Quantitative cell death ELISA. Parental, vector control, and TβRII stable clones were serum starved and treated with either TGF-β1 (5 or 10 ng ml⁻¹) or 1 μM sodium butyrate for 24 h in serum-free media. Cell lysates were analysed by cell death ELISA as described in Materials and methods. Individual data point is a representative of the mean±s.d. of three individual measurements. Each experiment was repeated three times with similar results. ^*P<0.0008, ^**P<0.0001 for all groups in a linear mixed effect model on the log-transformed data.

Figure 7

Stable expression of TβRII decreases tumorigenicity. (A) Restoration of TβRII reduces anchorage-independent growth in VMRC-LCD cells. Parental, vector control, and TβRII stable clones were plated in soft agarose and incubated for 2 weeks.

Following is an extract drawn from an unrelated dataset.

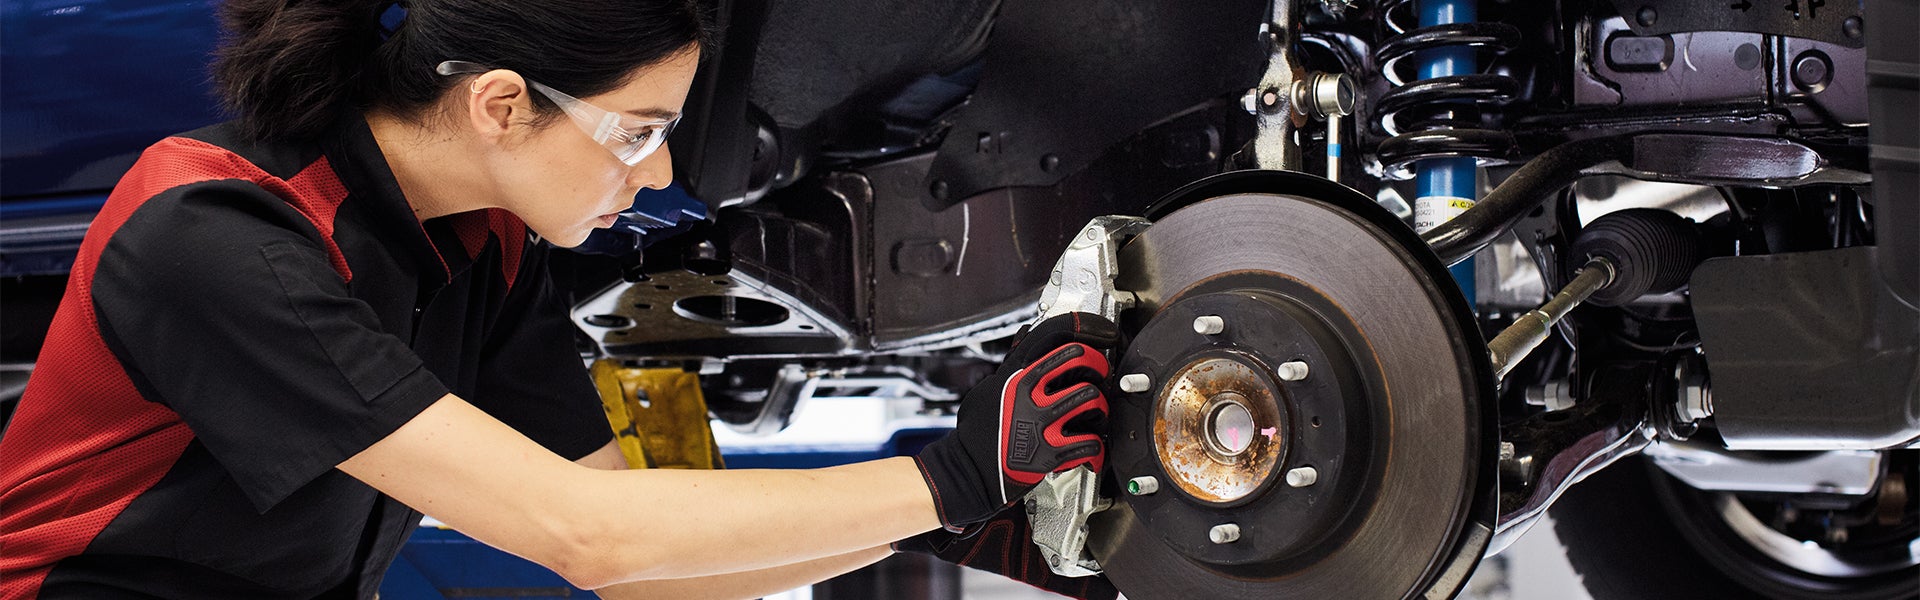 Bennett Toyota of Allentown is a Car Dealership near Coopersburg, PA | Toyota Mechanic replacing brakes on a Tacoma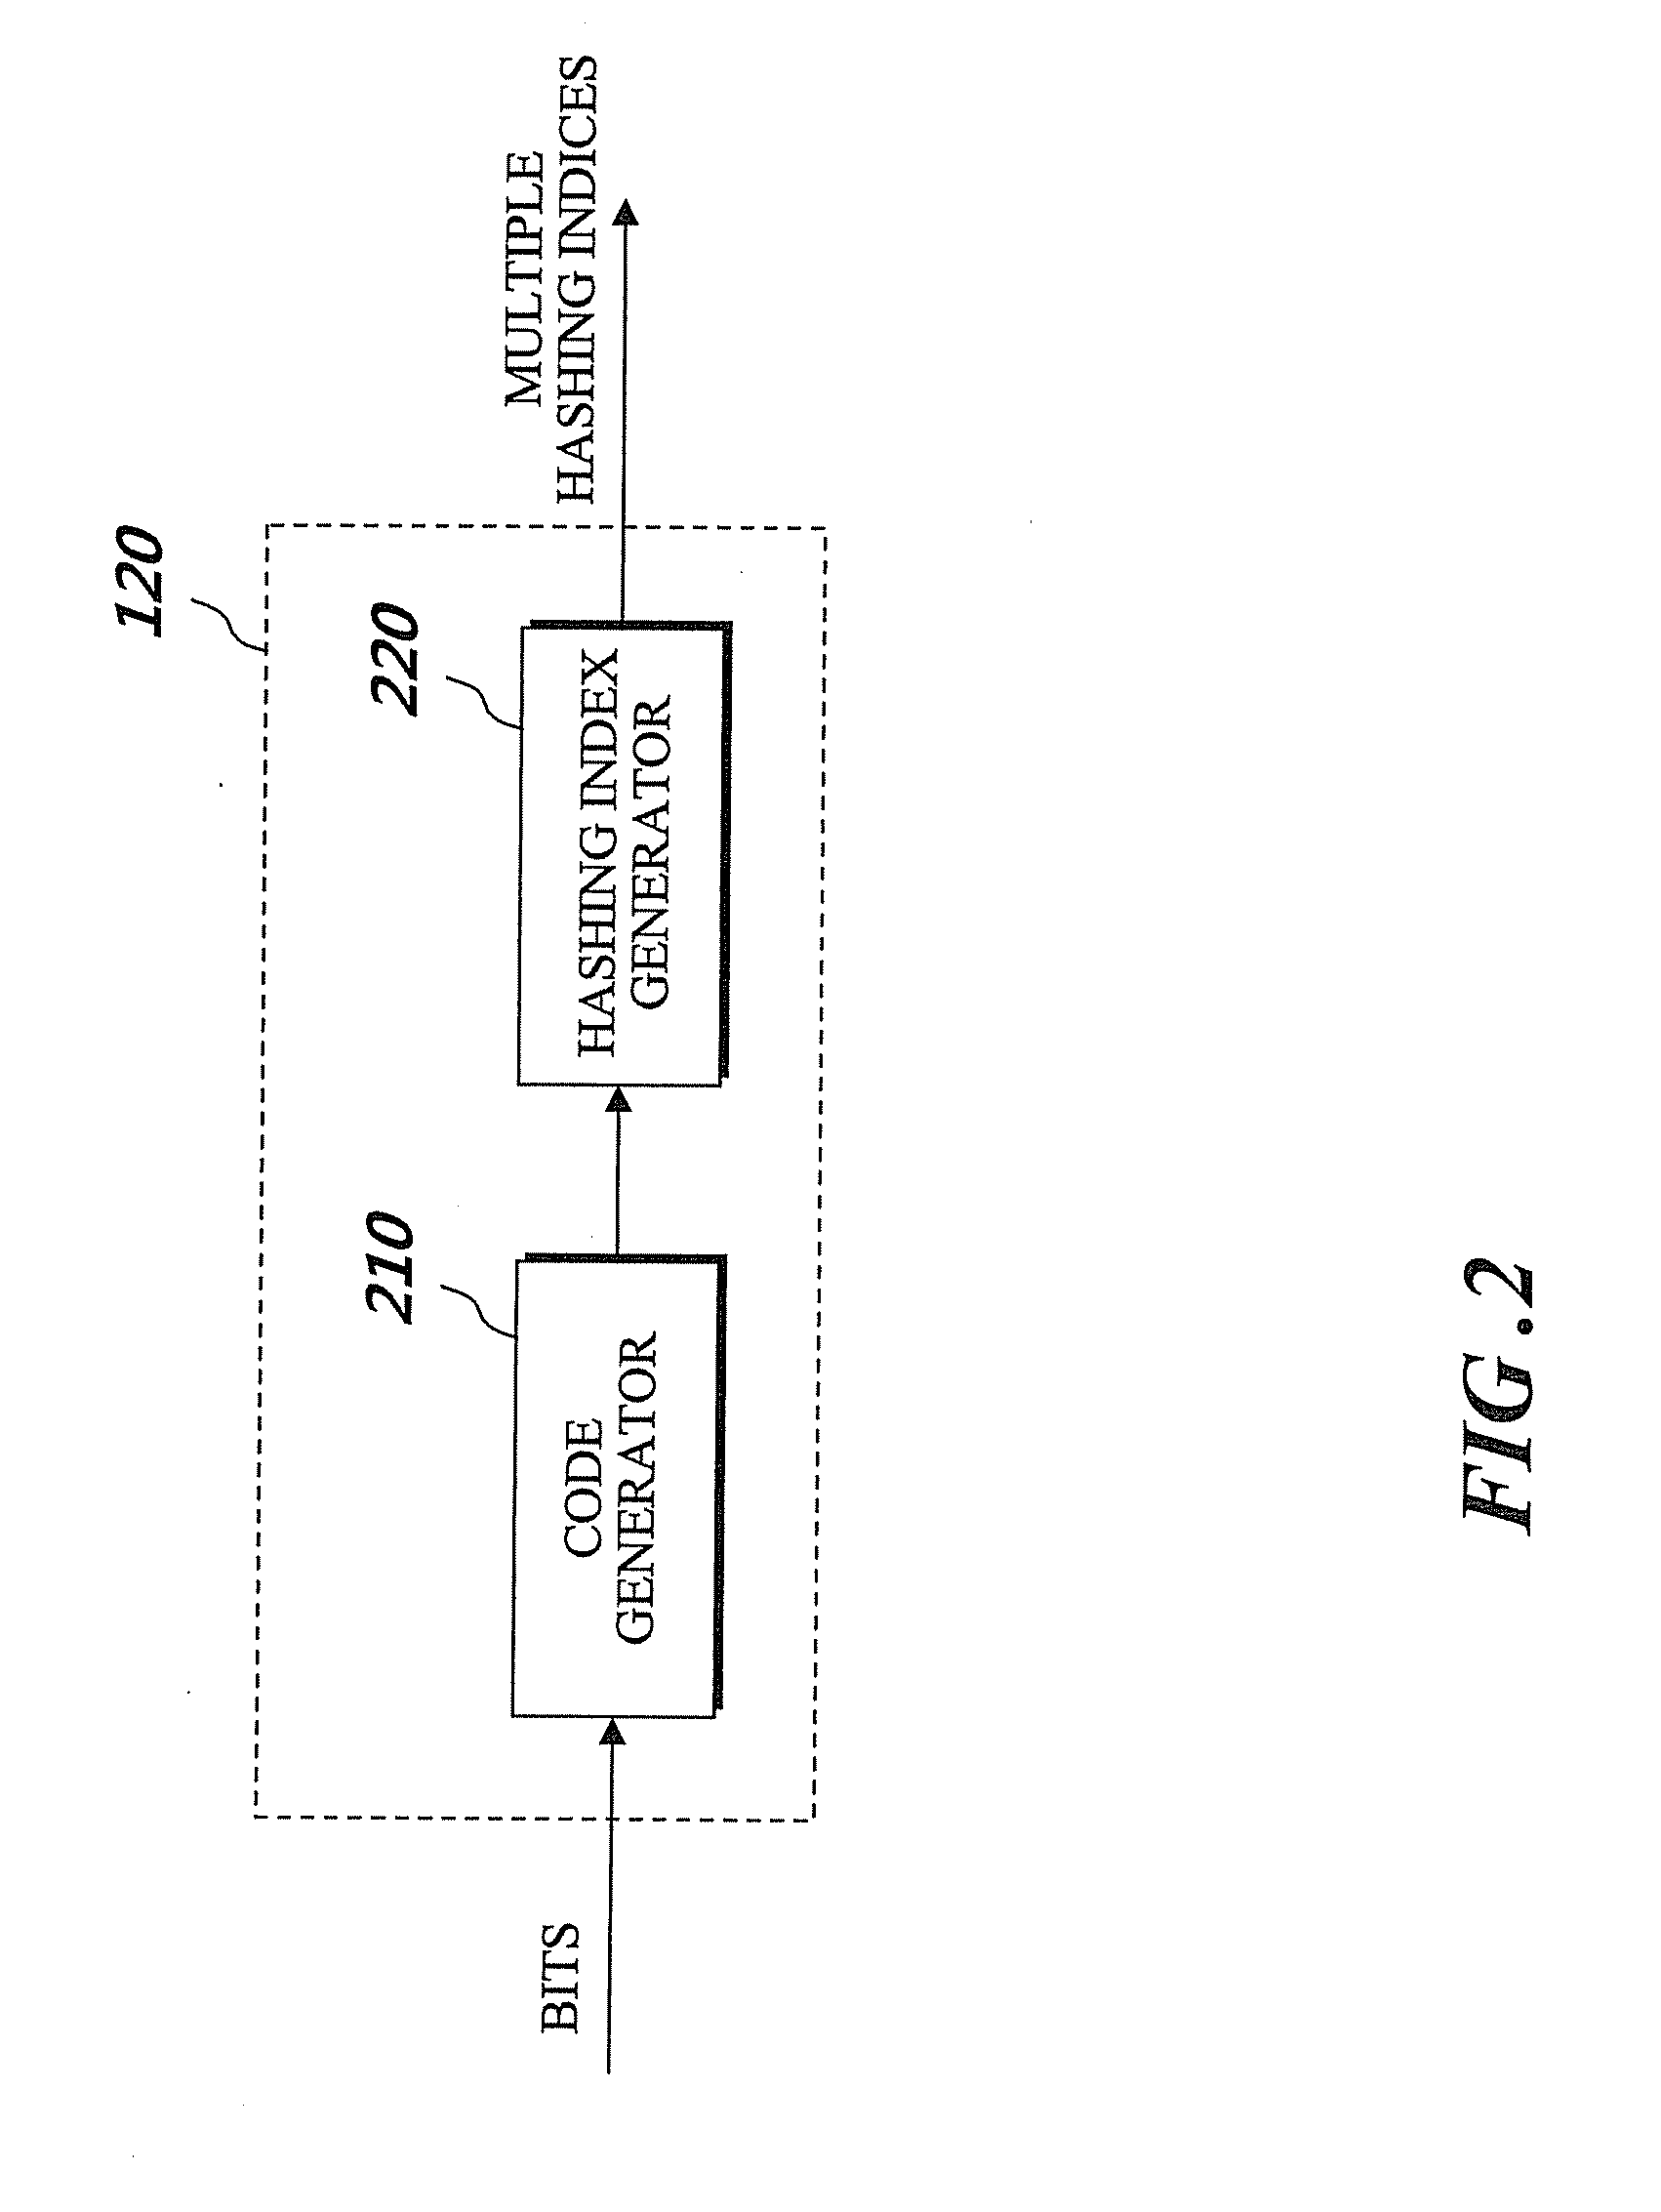 Method and apparatus for searching IP address

Colonies were counted by automated colony counter and the data are representative of the mean±s.d. of three values determined from individual plates. ^*P<0.005 for all groups was compared to control by Wilcoxon test. (B) Xenograft growth curves of parental, vector control, and TβRII stable clones. Cells (5 × 10⁶) from each pool were subcutaneously injected to the athymic nude mice. Tumours were measured externally on the indicated days in two dimensions using slide calipers. Tumour volume was determined from the equation: V=(L × W²) × 0.5, where L is length and W is width of the tumour. Each data point represents a mean volume±s.e. of six tumours for each group. ^*P<0.05 for all groups was compared to control by Wilcoxon test.